Is there a requirement for their reporters to speak in the manner that they do? They seem to talk slower and seem a bit 'stiff' (both males and females)...Very noticable difference versus the reporters/voice personalities of the other radio stations....

NPR doesn't suffer the radio delay that every other radio station must submit to.

If you aren't aware of what this is, it is the actual ~5-6 second? lag time between the signal being sent and what the listener hears. Why this lag?

Advertising.

Mainstream radio/media depends on advertising, and every signal broadcast is truncated by milliseconds at a time--the gaps and pauses that every normal person injects in their speech are immediately snipped through internal software so as to cut out every possible chance of dead air. As the speaker is talking, their audio is being filtered and snipped before hitting the stream, more or less instantaneously. It's not a delay in signal transfer, it's a delay in processing, because the demands of advertising must be met. (this is why you need to turn off your radio when calling these stations. The delay from what you hear and what they are asking you through the phone, as it is all broadcast at the same time, is jarring)

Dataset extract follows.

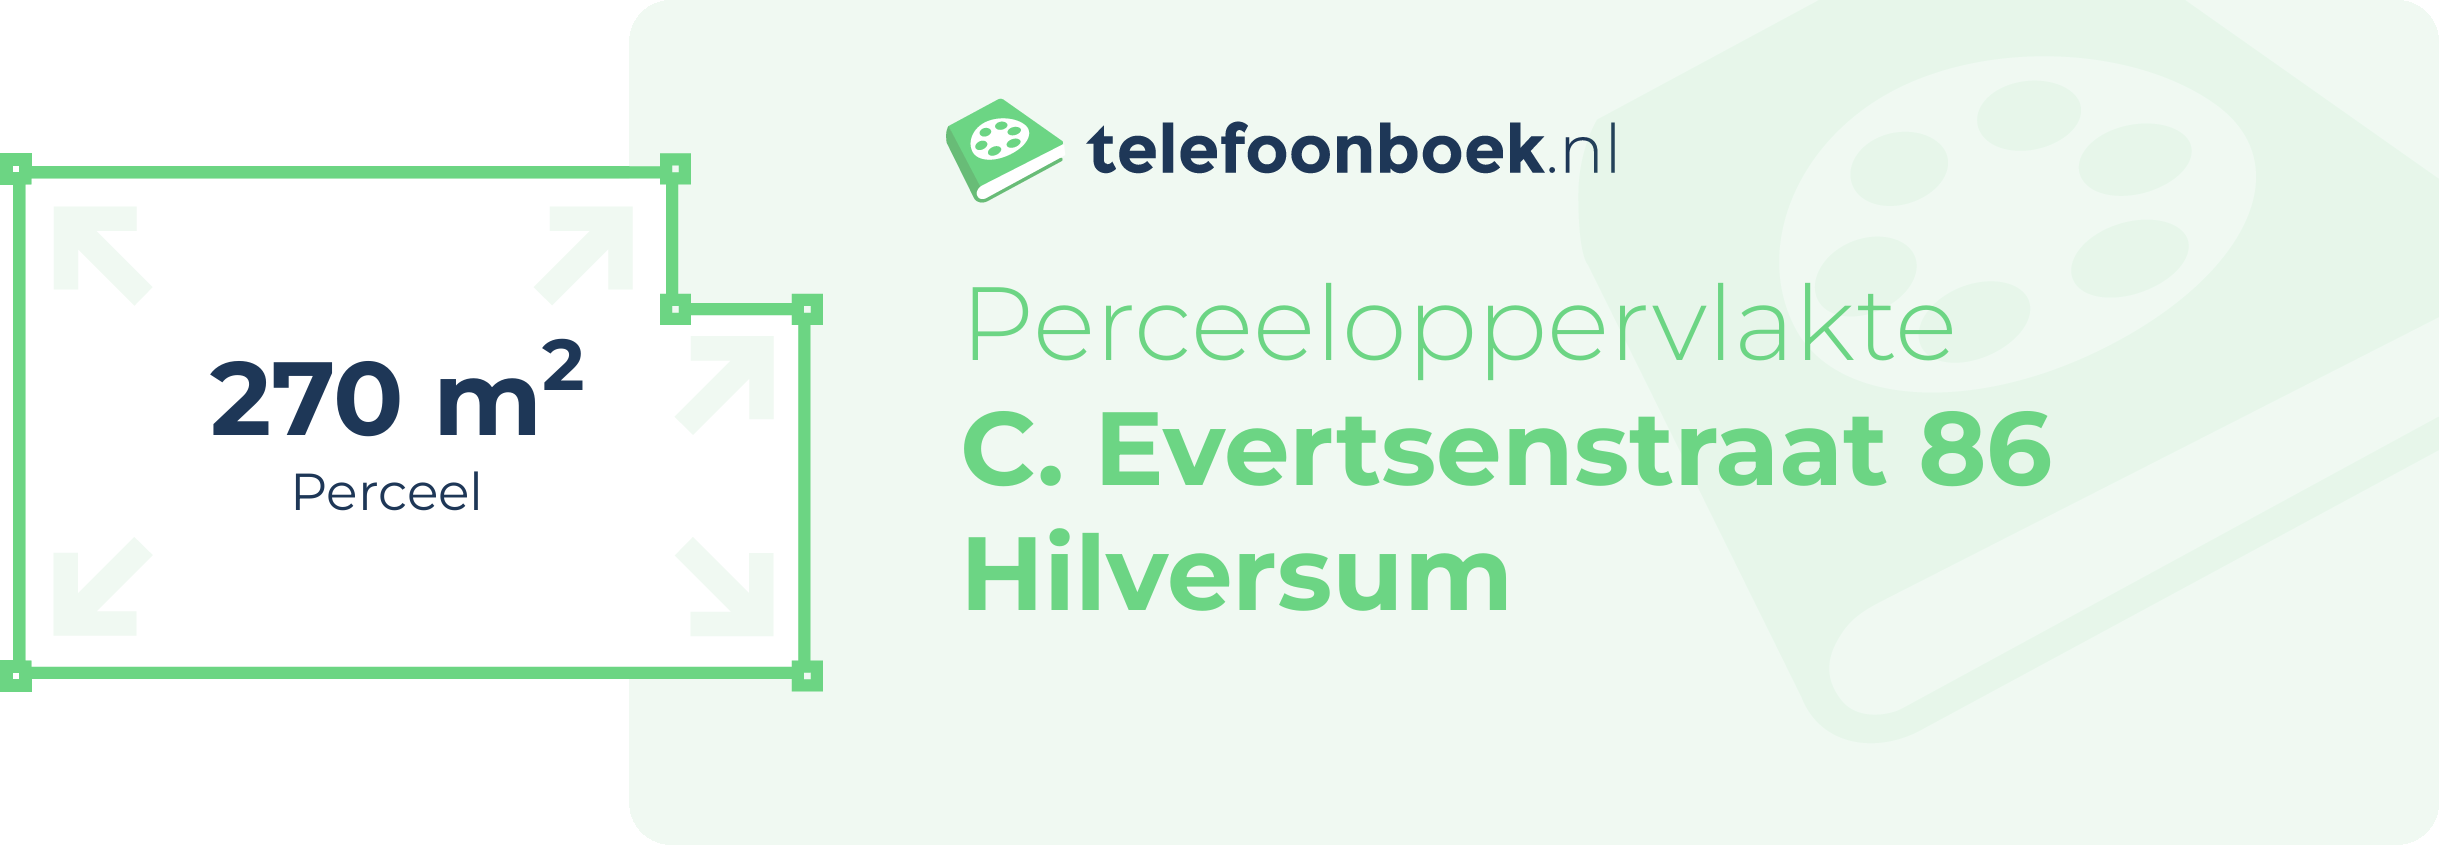 Perceeloppervlakte C. Evertsenstraat 86 Hilversum
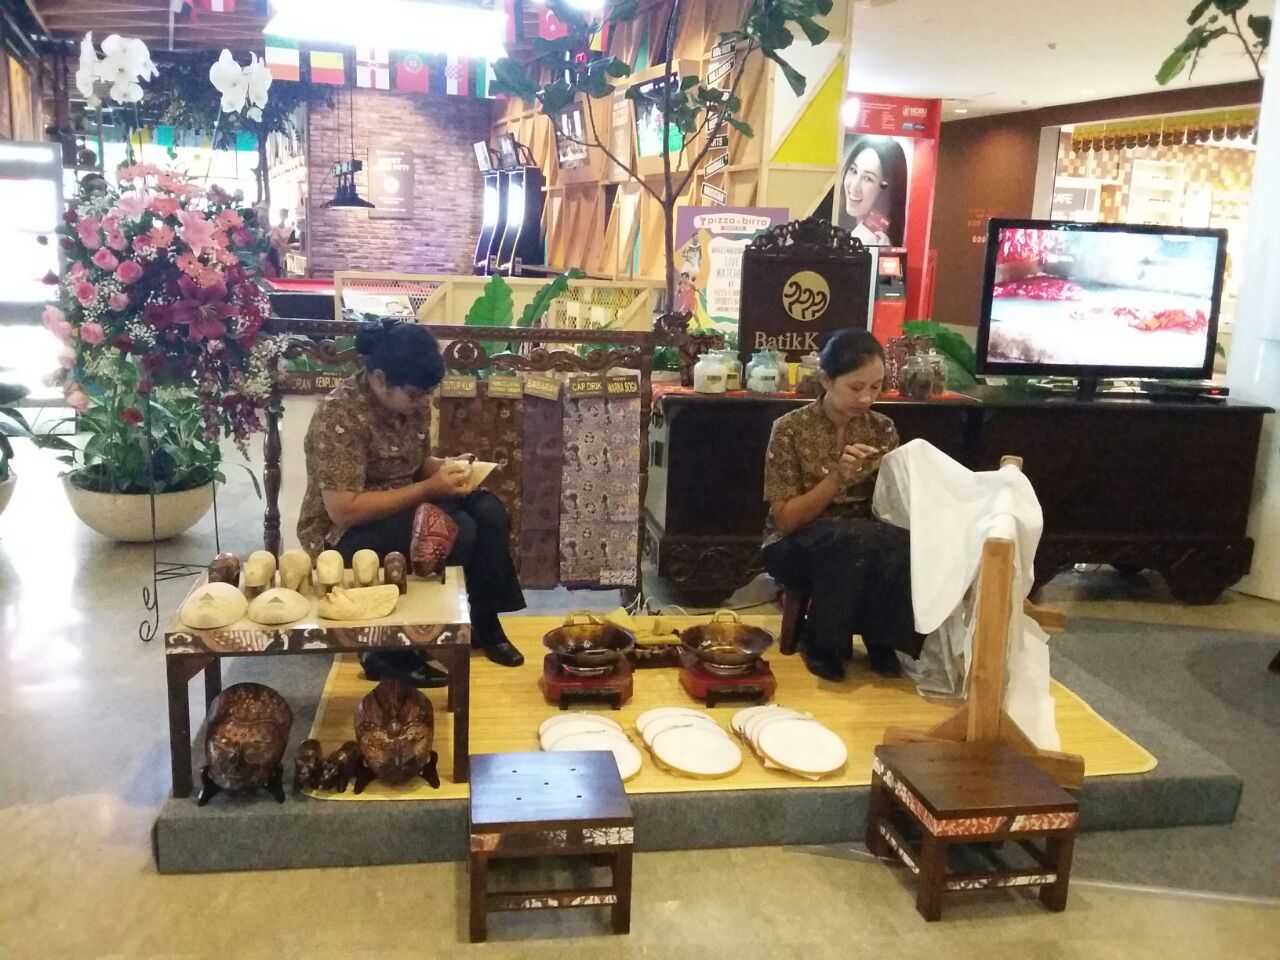  BATIK  KERIS  Tunjungan Plaza  Surabaya Indonesia

As such, DJs and broadcasters on all other stations (well, DJ's are pretty much robots now, anyway) speak noticeably and unnaturally faster than they should. On top of that, as others have said, they are in the entertainment business first and foremost. They are trained to speak with a bit more oomph, as it were.
 

Dankk

Diamond Member
Jul 7, 2008
5,558
25
91
Shame. I love NPR... I listen to it in my car almost every day. It's the only news station I can listen to without being inundated by loud rock music, techno, advertisements, and people yelling at me.

And the human interest stories are great. I love learning about people's lives on the other side of the world.

The only voice that bothers me is Diane Rehm. I could get over it if I liked the show better, but the show's kind of meh too.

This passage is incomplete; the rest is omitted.